## Task prompt
Print the data exactly as written, but leave out each picture.
*** Material provided Section Begins ***
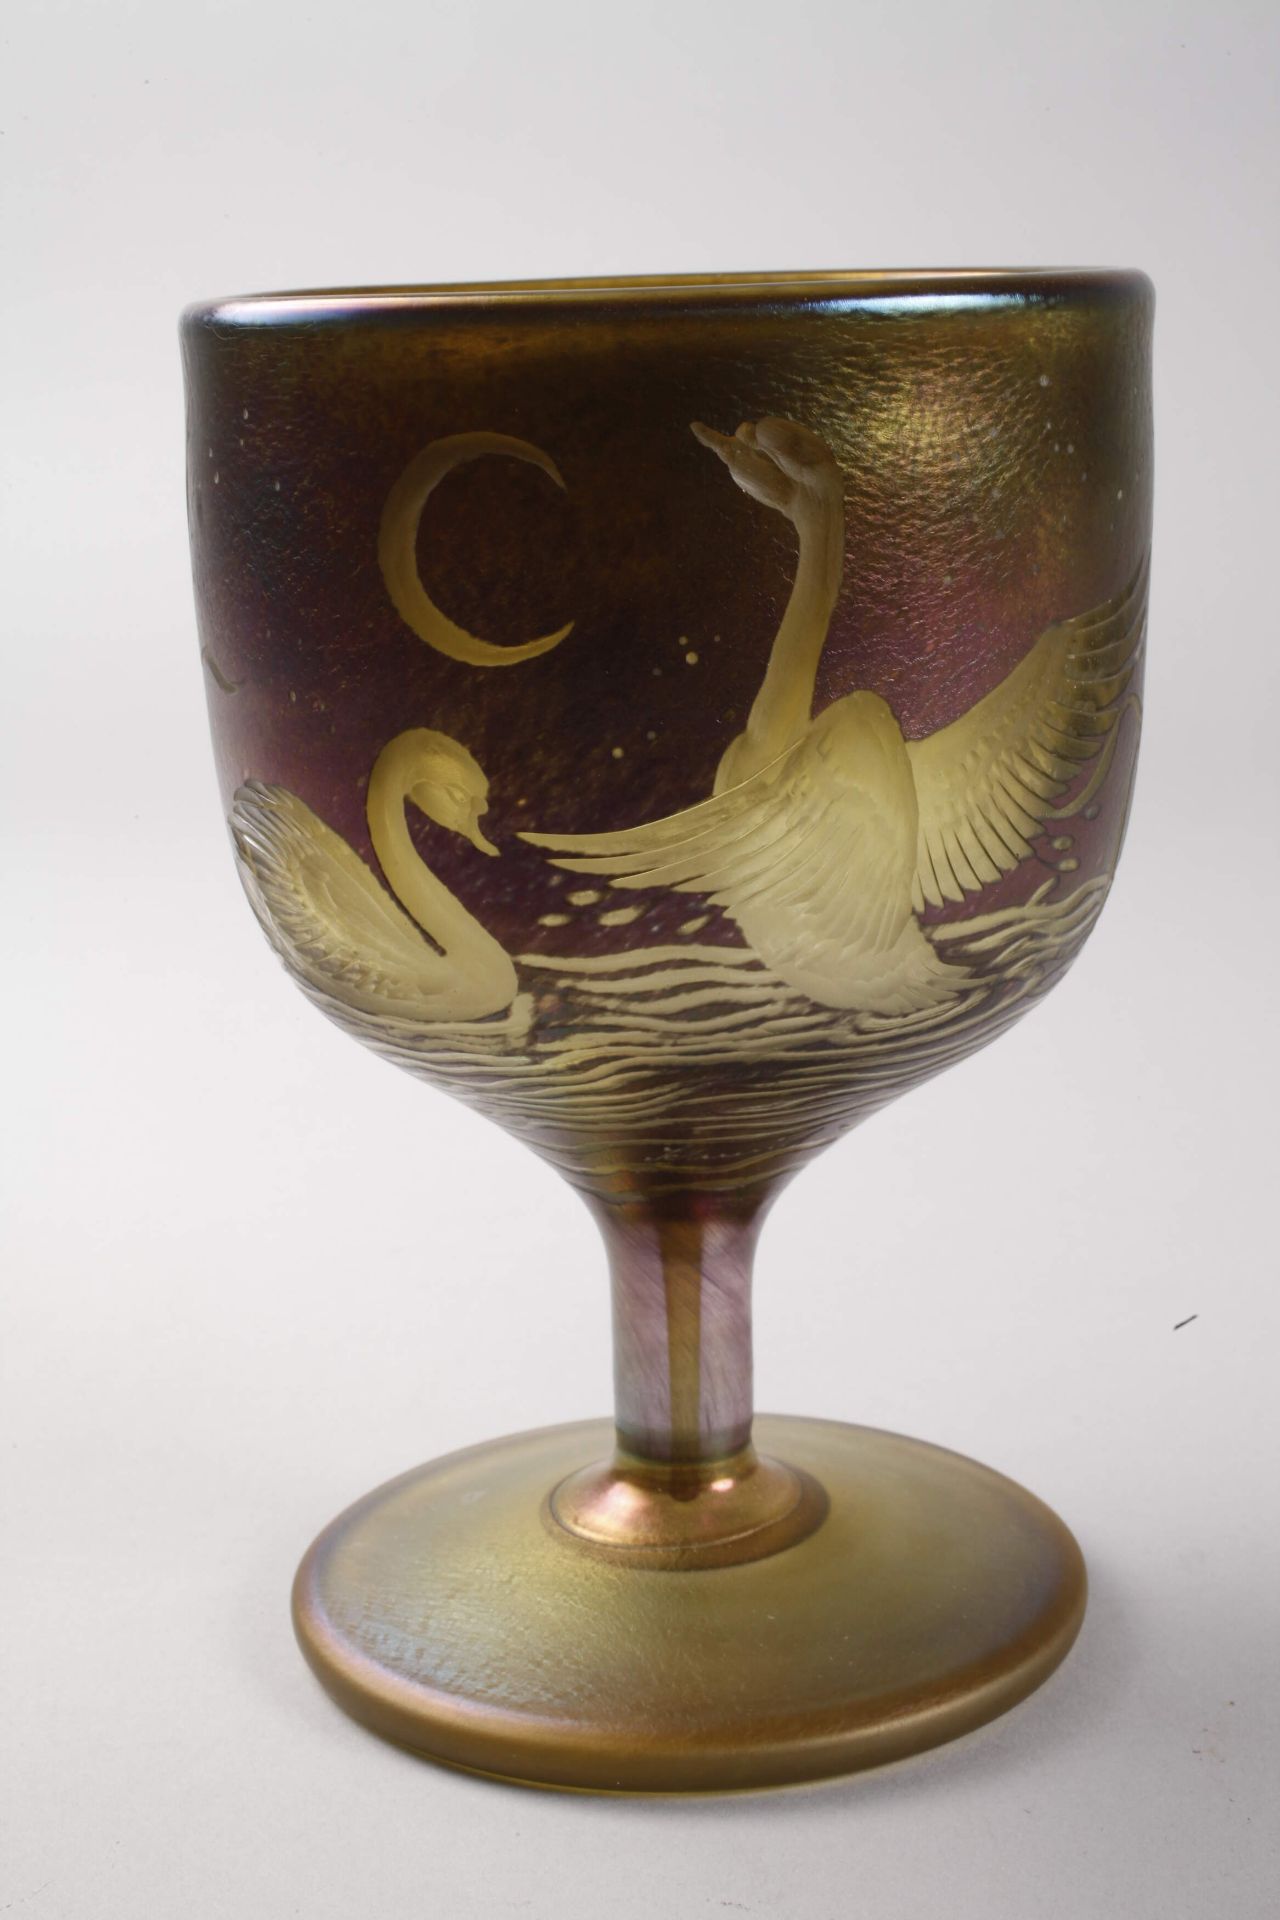 Goblet glass with swan motifsSchmid-Jacquet Goblet glass with swan motifs - Image 2 of 6
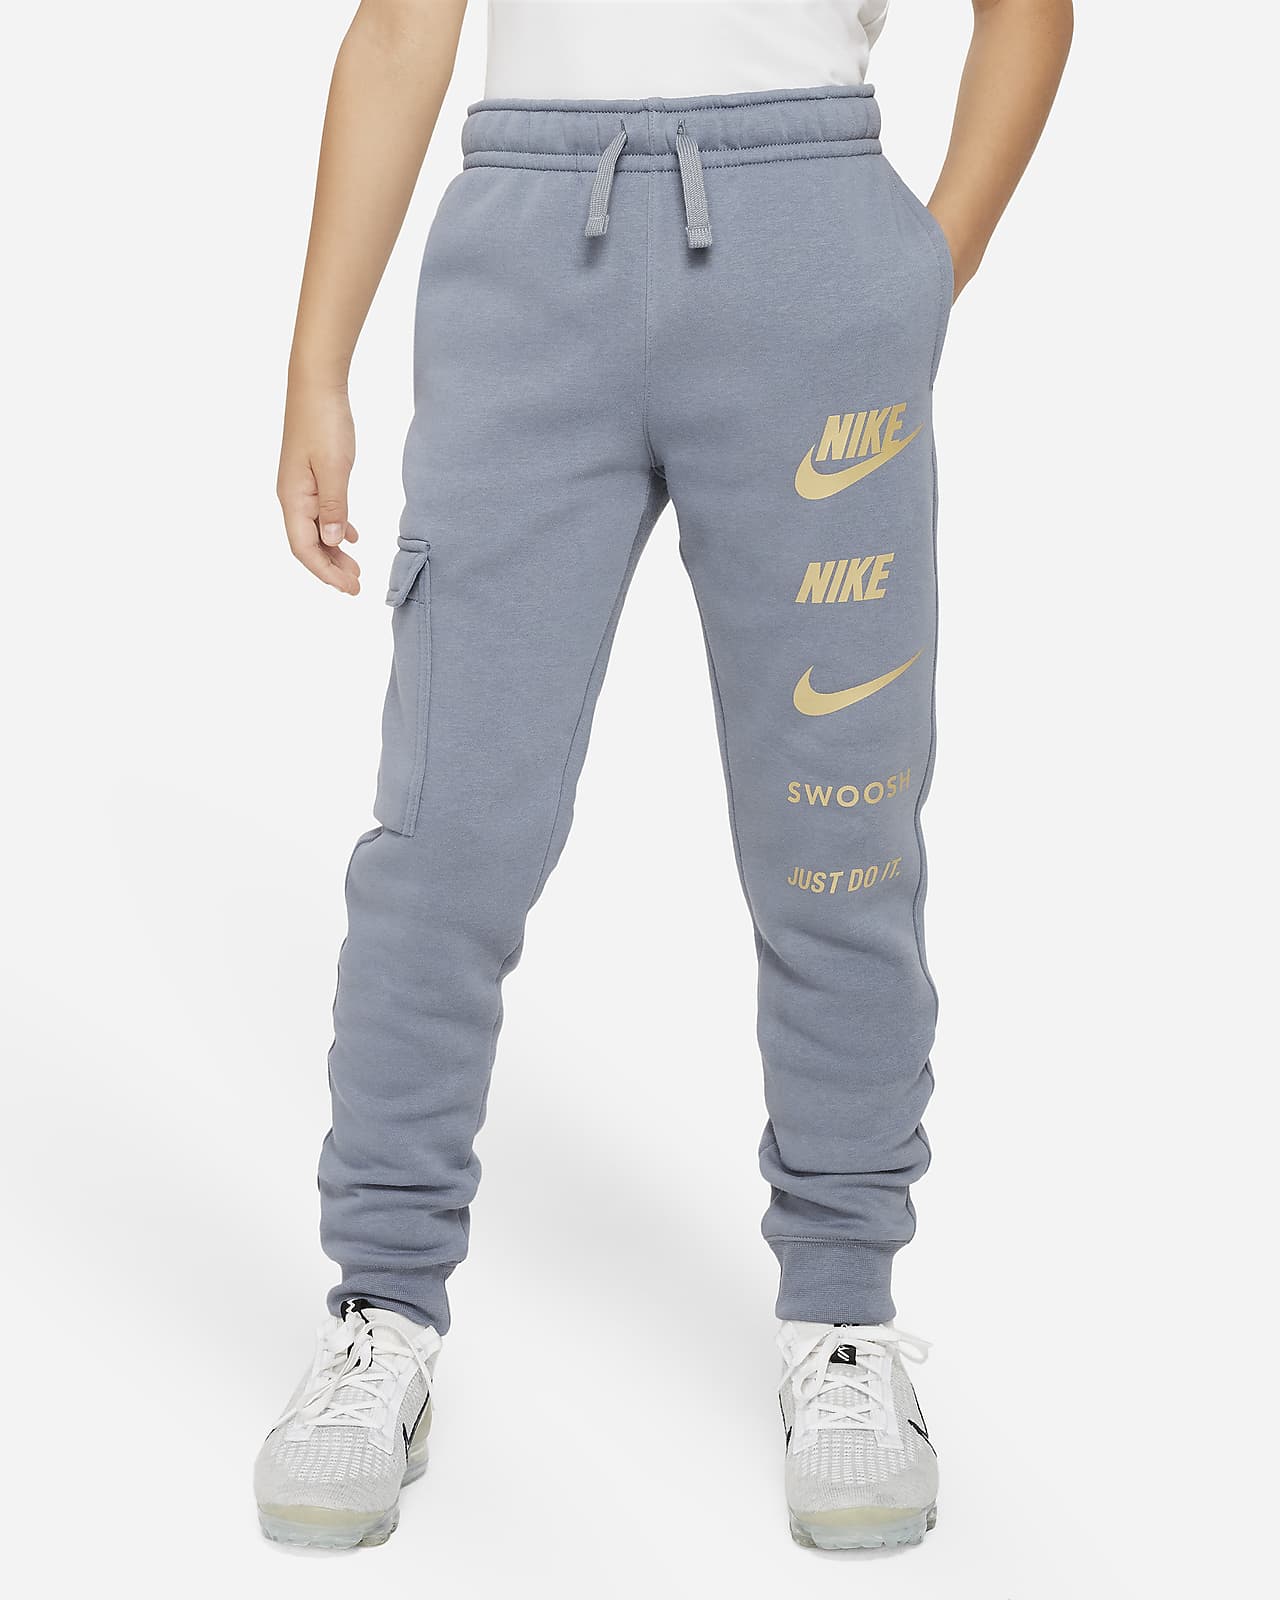 Nike Baggy Pants -  UK
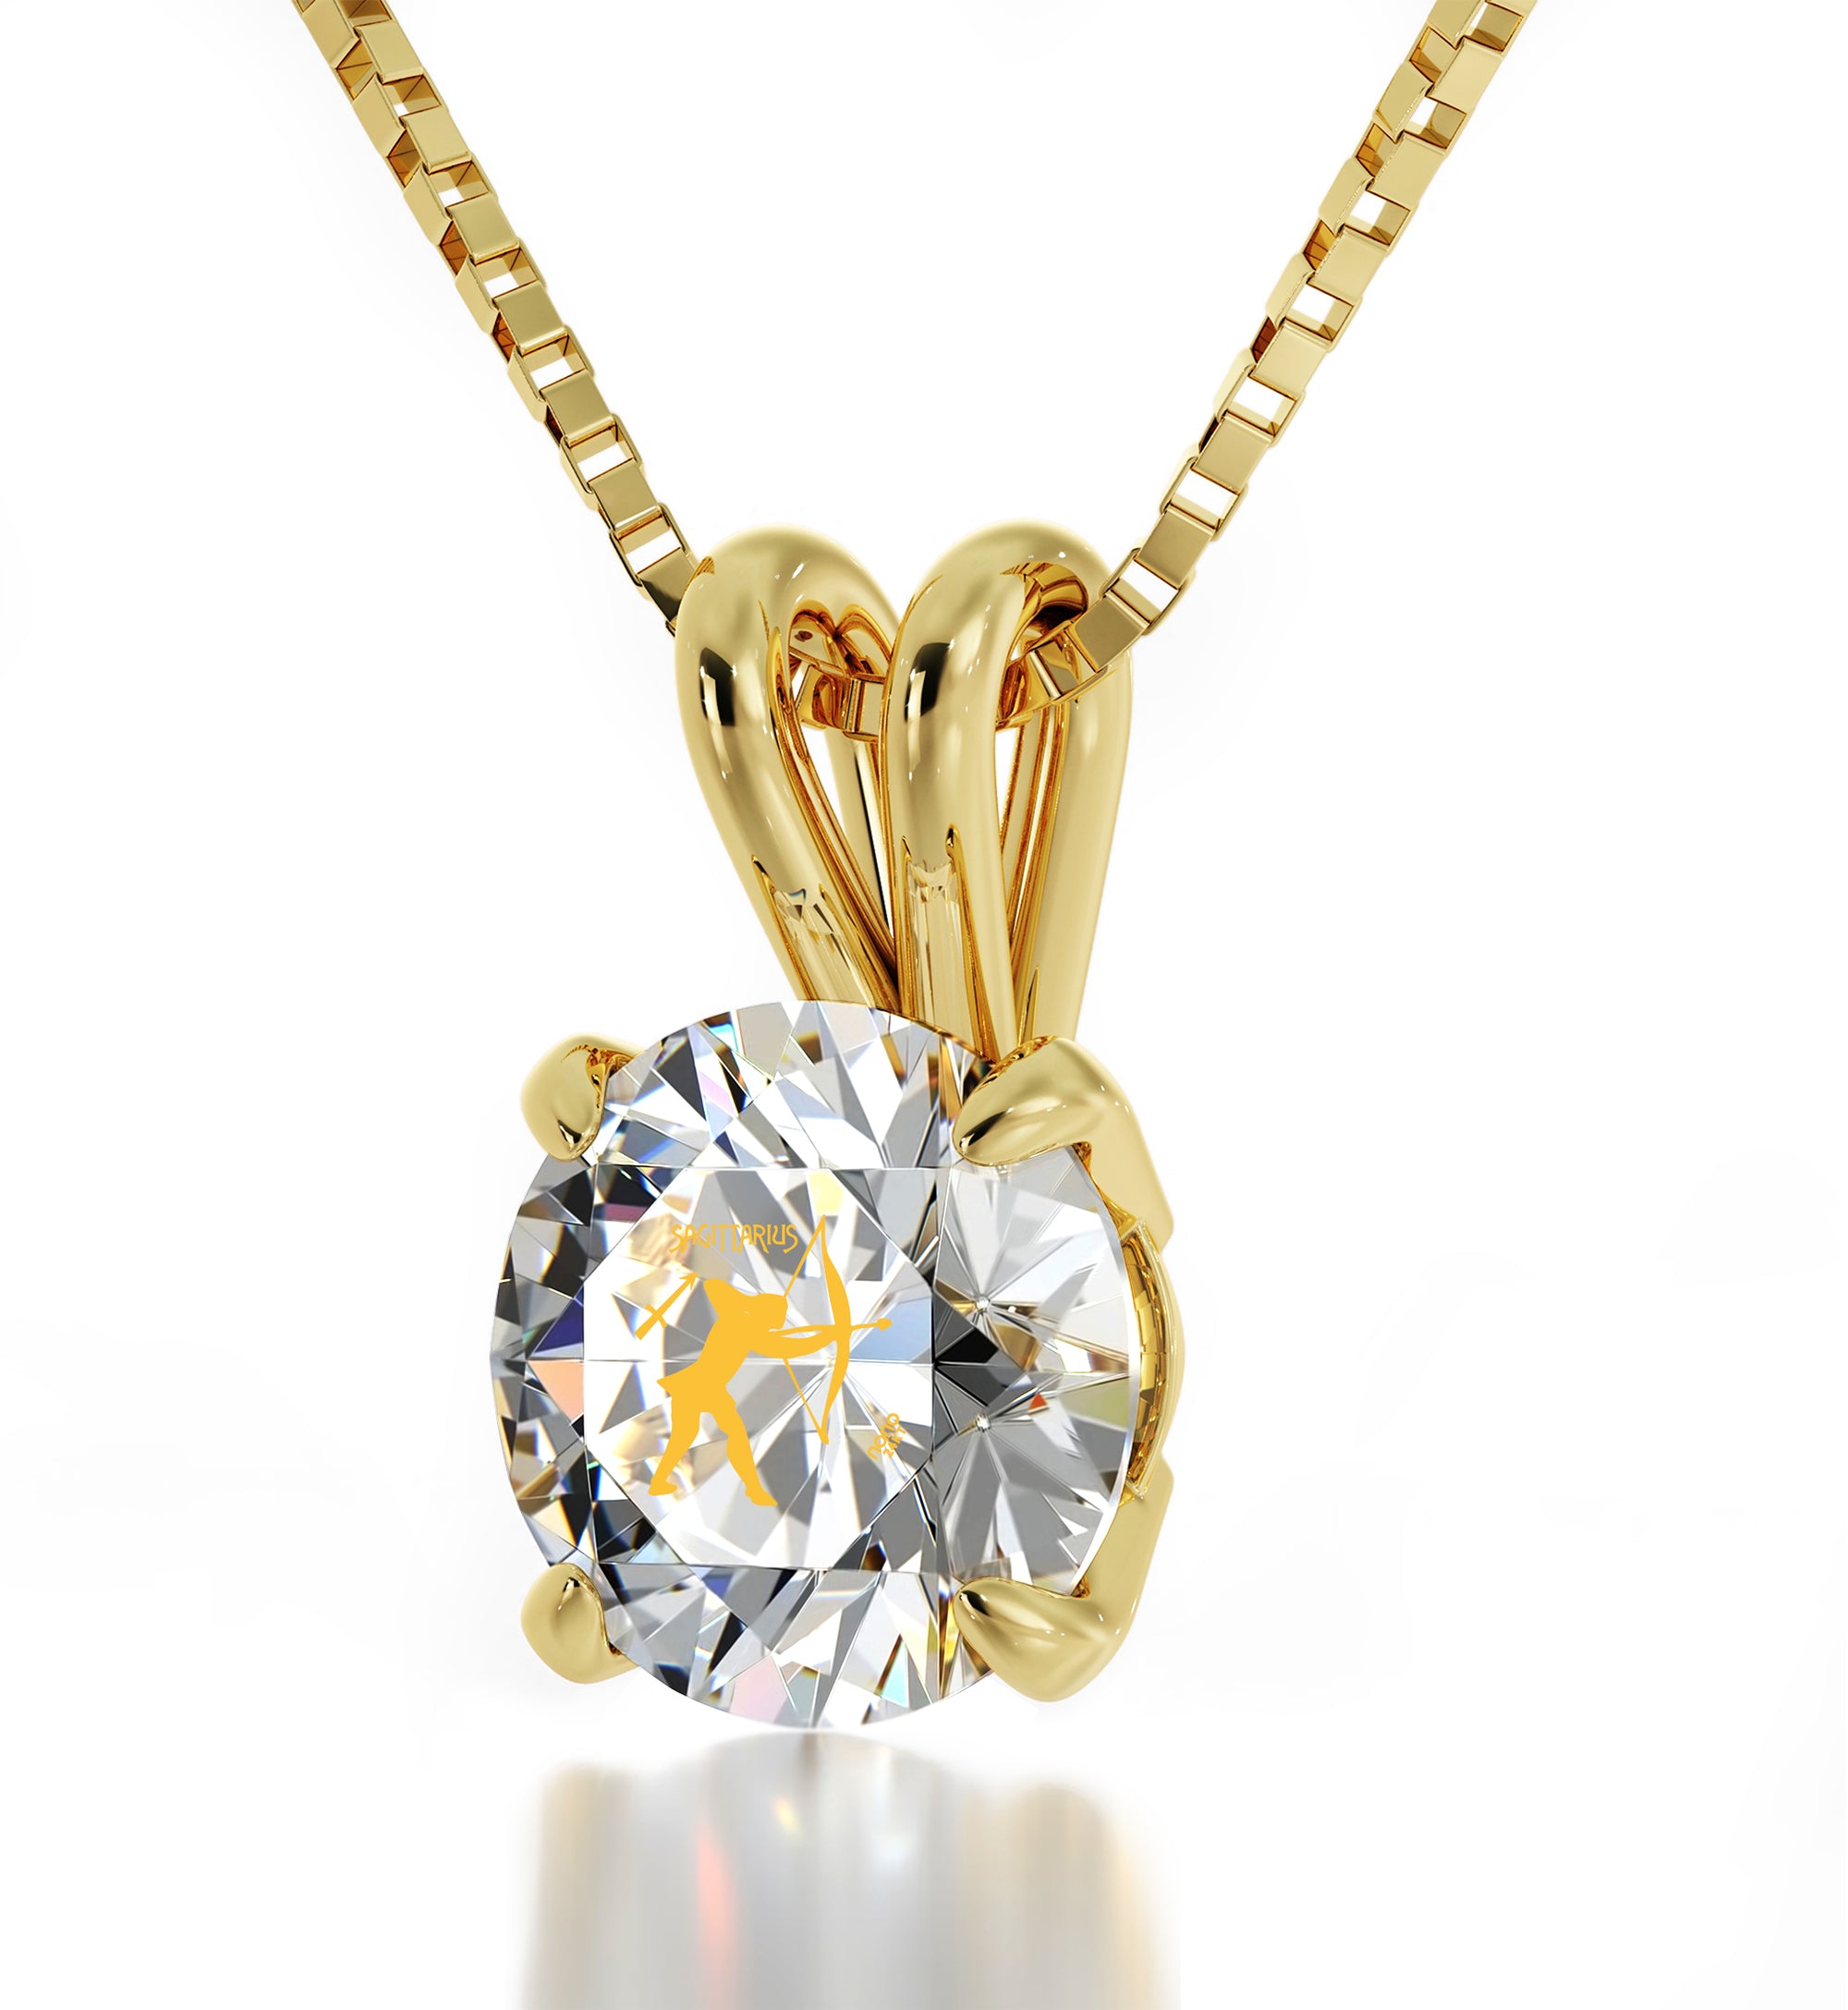 Zodiac Jewelry for Women | - Necklace gold 24k inscribed Sagittarius NanoStyle Jewelry
*** Material provided Section Ends ***
## Output for this exercise
 Goblet glass with swan motifsSchmid-Jacquet Goblet glass with swan motifs - Image 2 of 6
 Nike Baggy Pants -  UK
 Zodiac Jewelry for Women | - Necklace gold 24k inscribed Sagittarius NanoStyle Jewelry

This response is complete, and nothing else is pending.